By combining two highly innovative experimental techniques, scientists at the Univ. of Illinois at Urbana-Champaign have for the first time simultaneously observed the structure and the correlated function of specific proteins critical in the repair of DNA, providing definitive answers to some highly debated questions, and opening up new avenues of inquiry and exciting new possibilities for biological engineering.

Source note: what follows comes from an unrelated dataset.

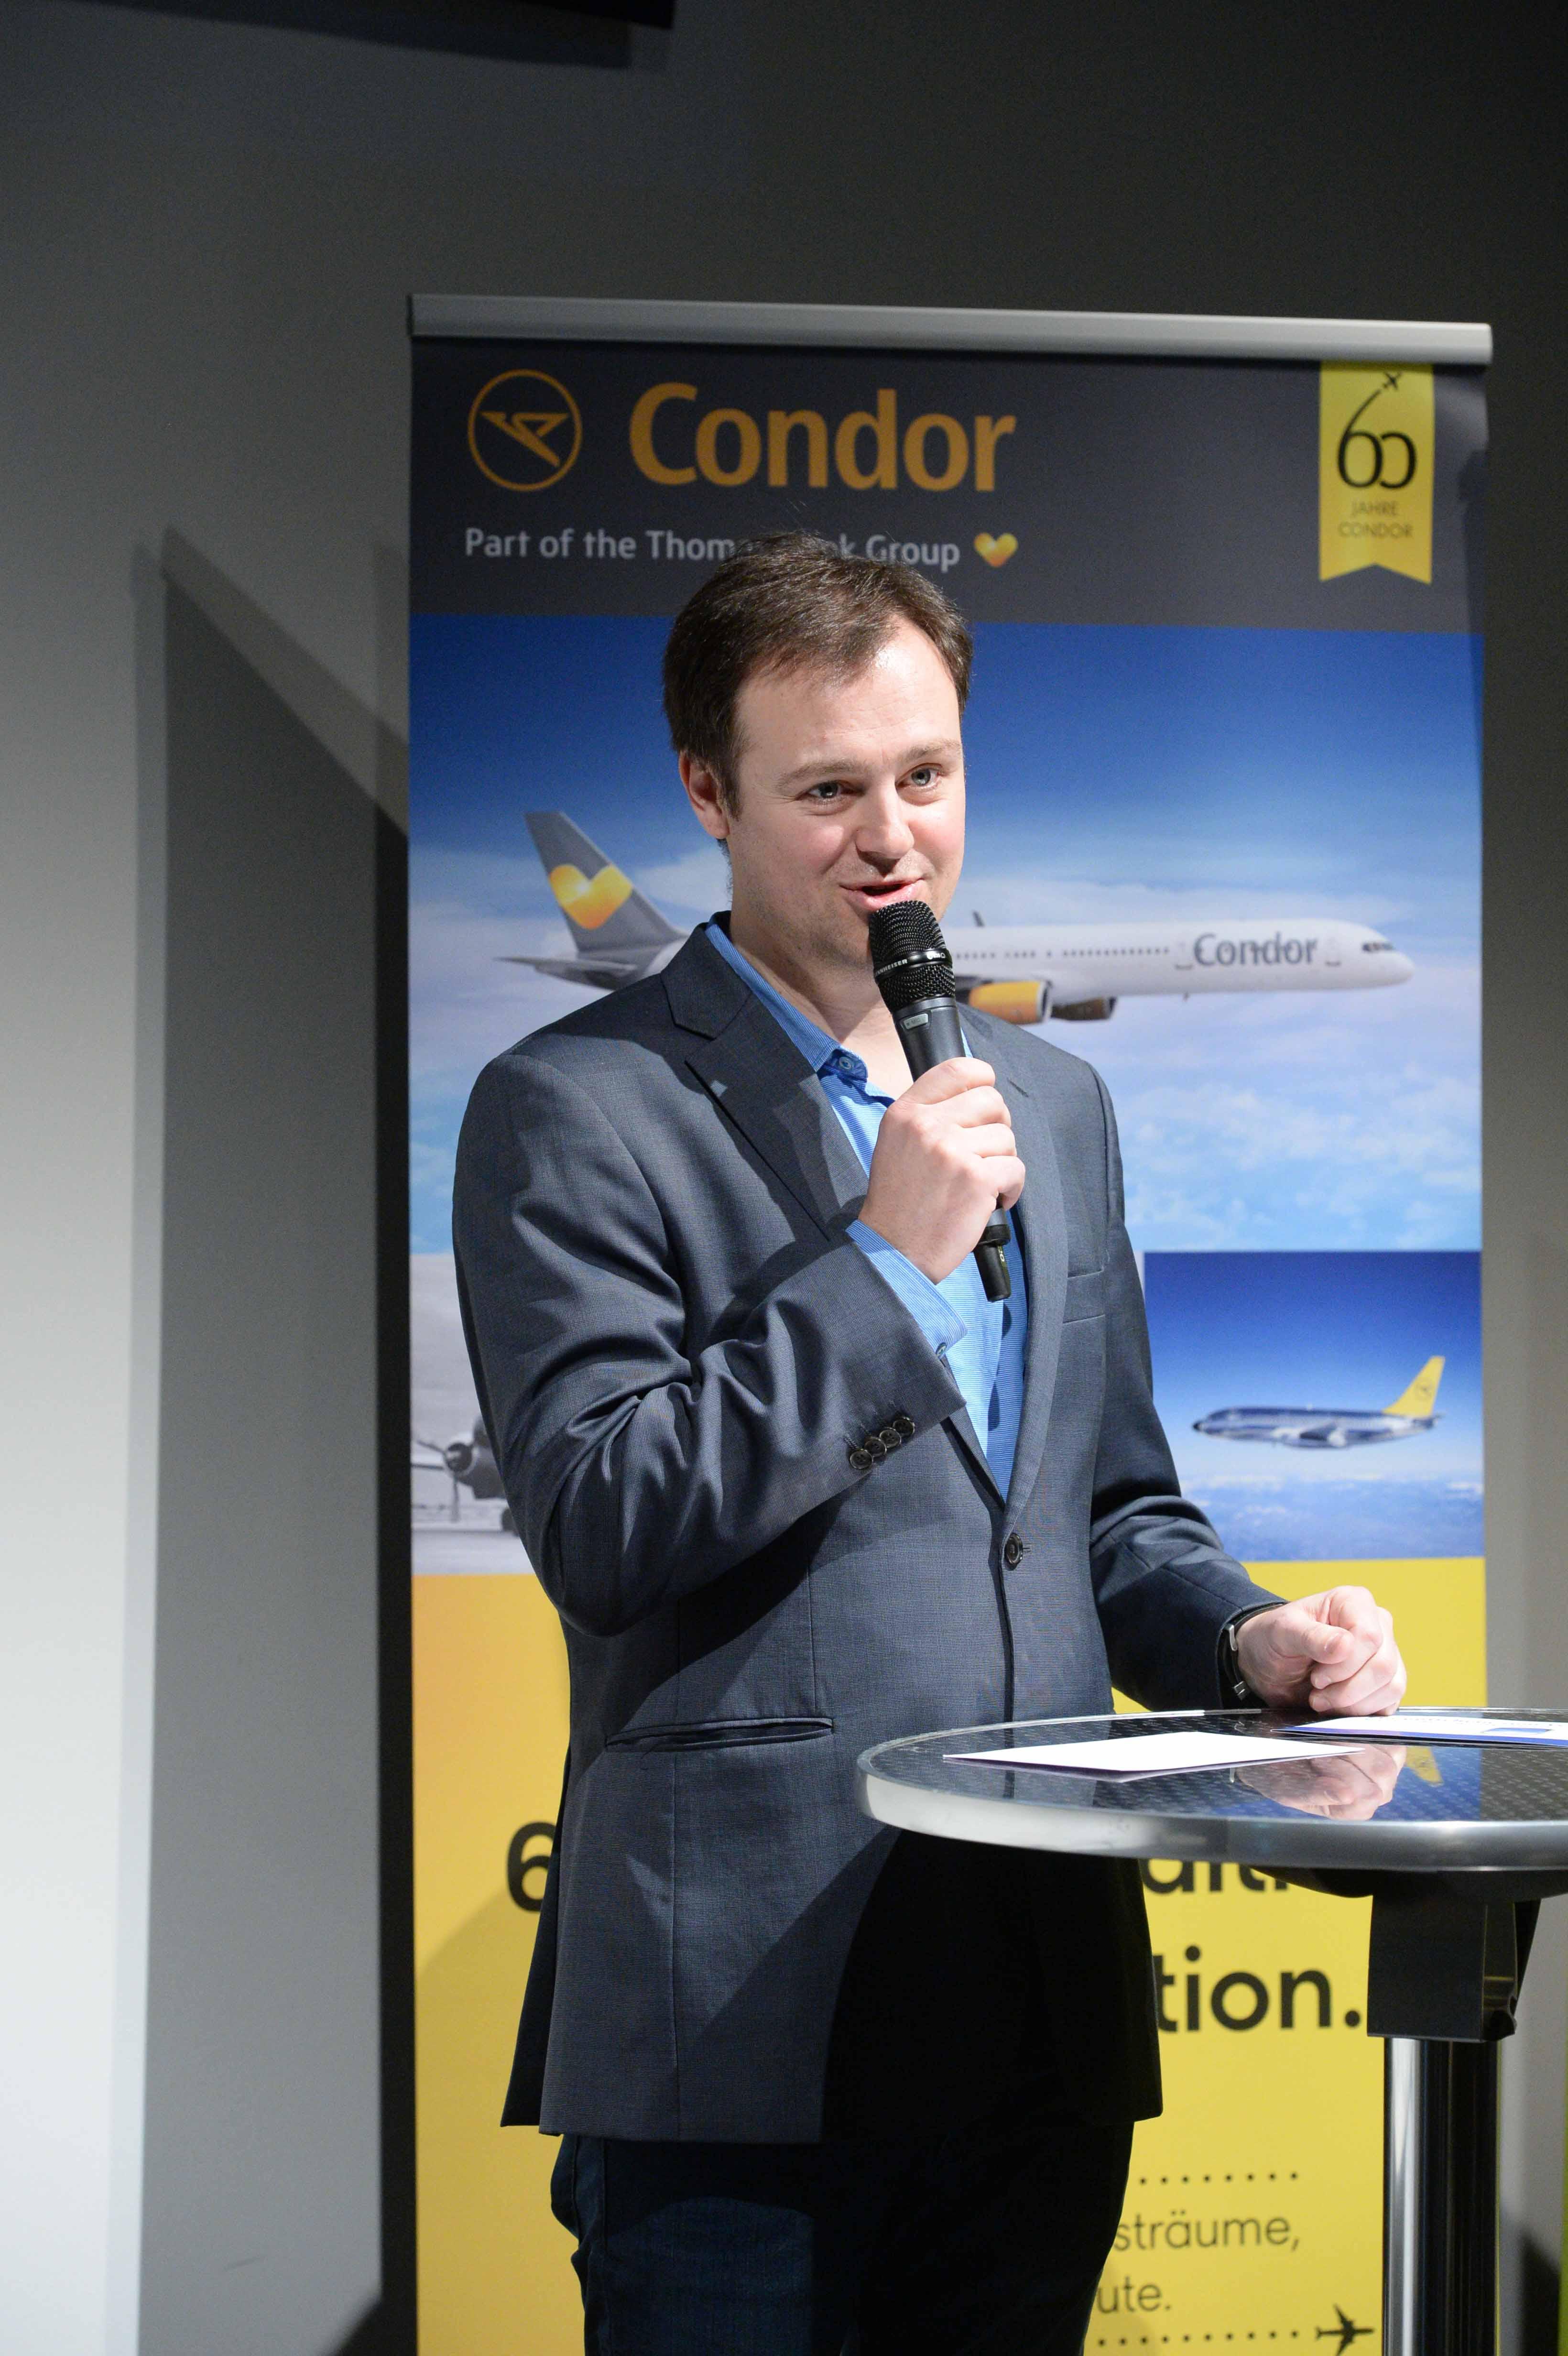 Columbus Autoren Preisverleihung 2015 Christian Leetz Rollup Condor web

Scientists who study biological systems at the molecular level have over the years looked to the structure of protein molecules—how the atoms are organized—to shed light on the diverse functions each performs in the cell. The inverse is also true: observing the specific work particular protein molecules perform has provided important clues as to the conformation of the respective molecules. But until recently, our most advanced laboratory experiments could only investigate one at a time—static form or dynamic function–and from the results, deduce the other. This indirect method often doesn’t provide definitive answers.
Now Illinois biological physicists Taekjip Ha and Yann Chemla have combined two cutting-edge laboratory techniques that together directly get at the structure-function relationship in proteins. Ha is well recognized for his innovative single molecule fluorescence microscopy and spectroscopy techniques. Chemla is a top expert in optical trapping techniques. Their combined method—simultaneous fluorescence microscopy and optical trapping–yields far more definitive answers to questions relating structure to function than either technique could independently.
Working in collaboration, Ha and Chemla each applied the above techniques in their laboratories, with conclusive results. The findings of these experiments have been published in two separate articles in Science.
Chemla’s lab team looked at the structure-function relationship in the helicase UvrD, a protein, found in the bacterium E. coli, that separates strands of DNA in need of repair by unwinding and unzipping them. There is an equivalent protein that performs the same vital process in humans. The first question Chemla’s team investigated was how many UvrD proteins are required to perform this task—recent debates among scientists have the number at either one or two.
“The way we answered this,” explains Chemla, “we put a dye molecule on each protein with fluorescence—so we could count them. Then we watched the unwinding with an optical trap. We found that a single UvrD helicase can do something—it unwinds the DNA, but not very far. It just goes back and forth a small distance, so we call it ‘frustrated’. When we have two UvrD molecules, it seems to unwind much further and doesn’t go back and forth as much.”
Chemla’s team also resolved one question on the structure-function relationship in UvrD. There are two distinct structures or states that are associated with UvrD, with the molecule organized in either an “open” or “closed” position. The function associated with each state has been debated among experts for several years.
“This time, we used smFRET (single-molecule fluorescence resonance energy transfer). We put two dyes on the molecule, and based on the distance between them, we could see one or another color of light, indicating whether the molecule was in the open or closed position. Then we used an optical trap to observe whether the molecule was unwinding the double-stranded DNA.
“We found that the molecules actually swiveled from open to closed and back again. As it turns out, the closed state unwinds the strands, using a torque wrench action. The open state allows the strands to zip together.”
In Ha’s laboratory, the team engineered a structurally homologous helicase protein called Rep, fastening it in either the closed or the open state by using a cross-linking molecule as “tape.”
The team found that when locked in the closed position, it becomes a “superhelicase” capable of unwinding double-stranded DNA over a great distance. Locked in the open position, the helicase was defunct–it performed no task.
The ability to bioengineer molecules to perform specific tasks holds promise for applications, including rapid DNA sequencing with nanopore technology.
Ha comments, “The superhelicase we engineered based on our basic, fundamental understanding of helicase function can be used as a powerful biotechnological tool for sensitive detection of pathogenic DNA in remote areas, for example.”
The team repeated the experiment on another structurally homologous helicase protein called PcrA, with the same result. Here, the team was further able to show how another protein that interacts with PcrA and is known to contribute to its effectiveness physically achieves that purpose. The team was able to demonstrate that the addition of the protein locked PcrA in the closed state.
“Proteins are flexible,” explains Chemla. “Each may serve multiple functions. The presence of other proteins can determine which function is active by changing its structure.”